Senior Enlisted Professional Military Education (SEPME) is designed to equip Marines in the ranks of master sergeant and first sergeant with critical thinking and adaptability skills necessary to function at the operational and strategic levels of war. Completion of the course equips senior enlisted Marines with demonstrated proficiency in the Marine Corps Planning Process (MCPP), communication and administration. At its highest level, SEPME enhances the senior leader's ability to provide sound recommendations for mission success. SEPME is not a requirement for promotion to either master gunnery sergeant or sergeant major.
- 1st Sergeants Course
  This course prepares recently promoted first sergeants or gunnery sergeants selected for first sergeant for the leadership and administrative challenges a first sergeant faces and facilitates transition to the 8999 MOS. This course provides basic instruction on the duties and responsibilities of a first sergeant, regardless of the Marine's unit. Understanding these duties and responsibilities augments a first sergeant's ability to advise, counsel, and interact with the unit's commander, officers, SNCOs, and enlisted Marines to accomplish the unit's mission.
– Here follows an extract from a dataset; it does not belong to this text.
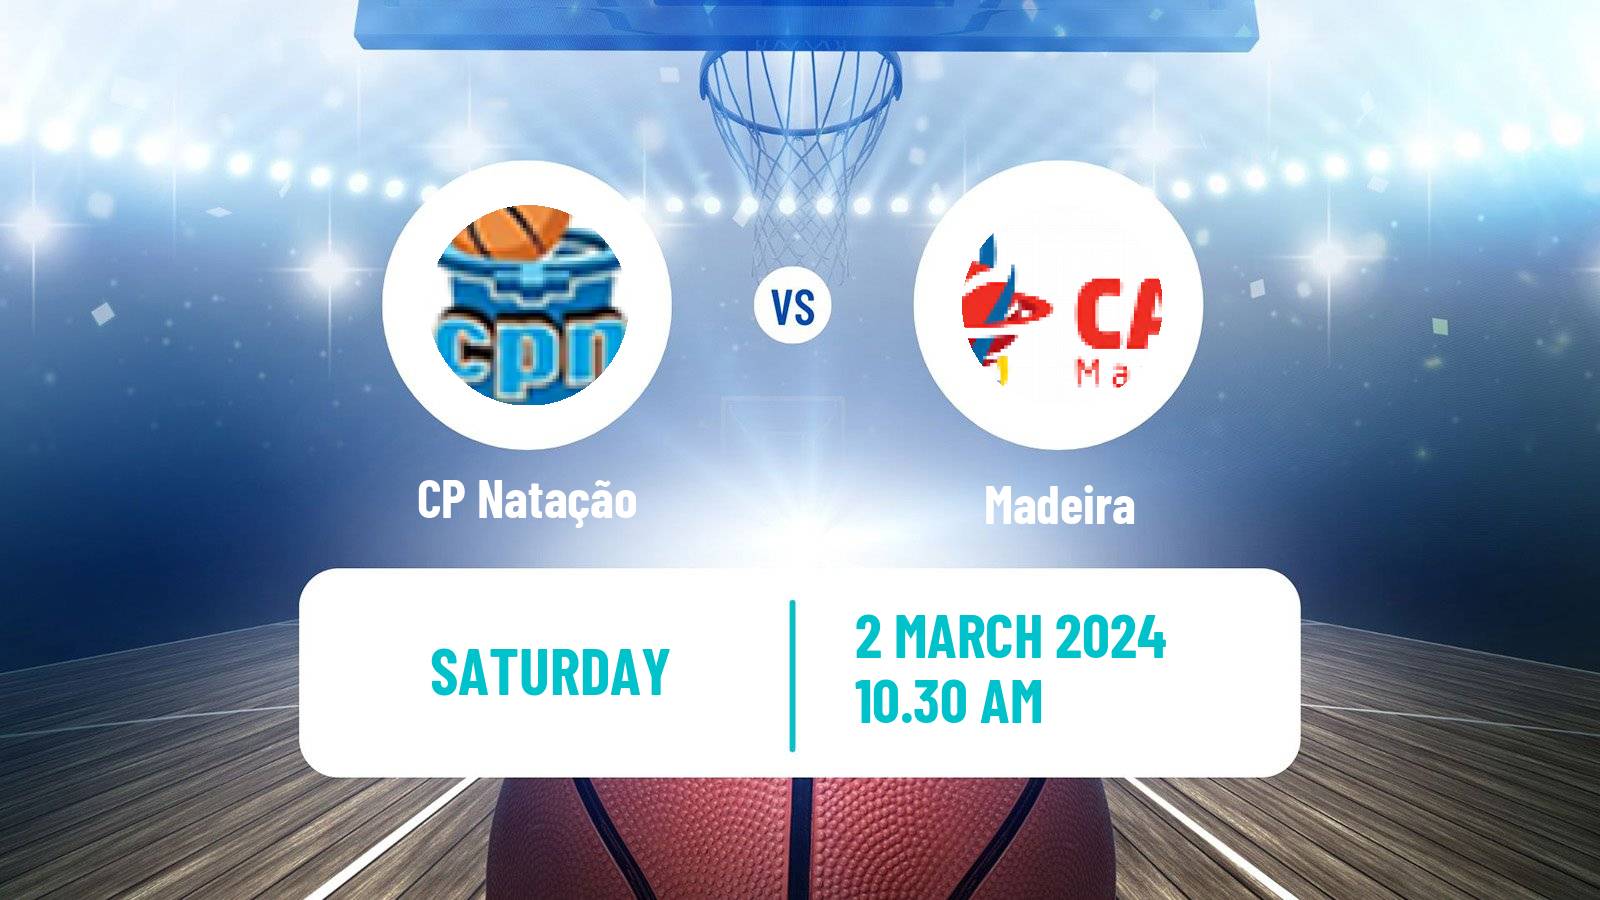 Basketball Portuguese LFB Natação - Madeira

First sergeants must also attend the First Sergeant/Master Sergeant Regional Seminar.
- Master Sergeant / 1st Sergeant Seminar
  Each regional SNCO Academy conducts an annual First Sergeant/Master Sergeant Regional Seminar. Marines should attend at least one of these seminars during their time in grade as a first sergeant/master sergeant; however, attendance is not a prerequisite for promotion to sergeant major/master gunnery sergeant. The President, MCU and Director, College of Enlisted Military Education, in coordination with the regional SNCO Academy Directors and the Sergeant Major of the Marine Corps, develop the agenda items for these seminars. After regional seminars have been completed, commanders are encouraged to sponsor local SNCO seminars as a means to disseminate the information from the regional seminars.
- Master Gunnery Sergeant / Sergeant Major Symposium
  The MCU at Quantico hosts an annual symposium for sergeants major/master gunnery sergeants. Marines are required to attend at least one of these symposia during their time in grade as sergeants major/ master gunnery sergeants. The Commandant and the Sergeant Major of the Marine Corps, in coordination with the President, MCU and the Director, College of Enlisted Military Education, develop the agenda items for this symposium.

==Navy==
The Navy Senior Enlisted Academy (SEA) provides senior enlisted leaders education in communication skills, leadership and management, national security affairs, Navy programs, and physical fitness. Of the 1,200 students in attendance annually, the majority are active duty Navy personnel. Navy Reserve, Air Force, Army, Coast Guard, Marine Corps, and International service members make up the remainder of the student population.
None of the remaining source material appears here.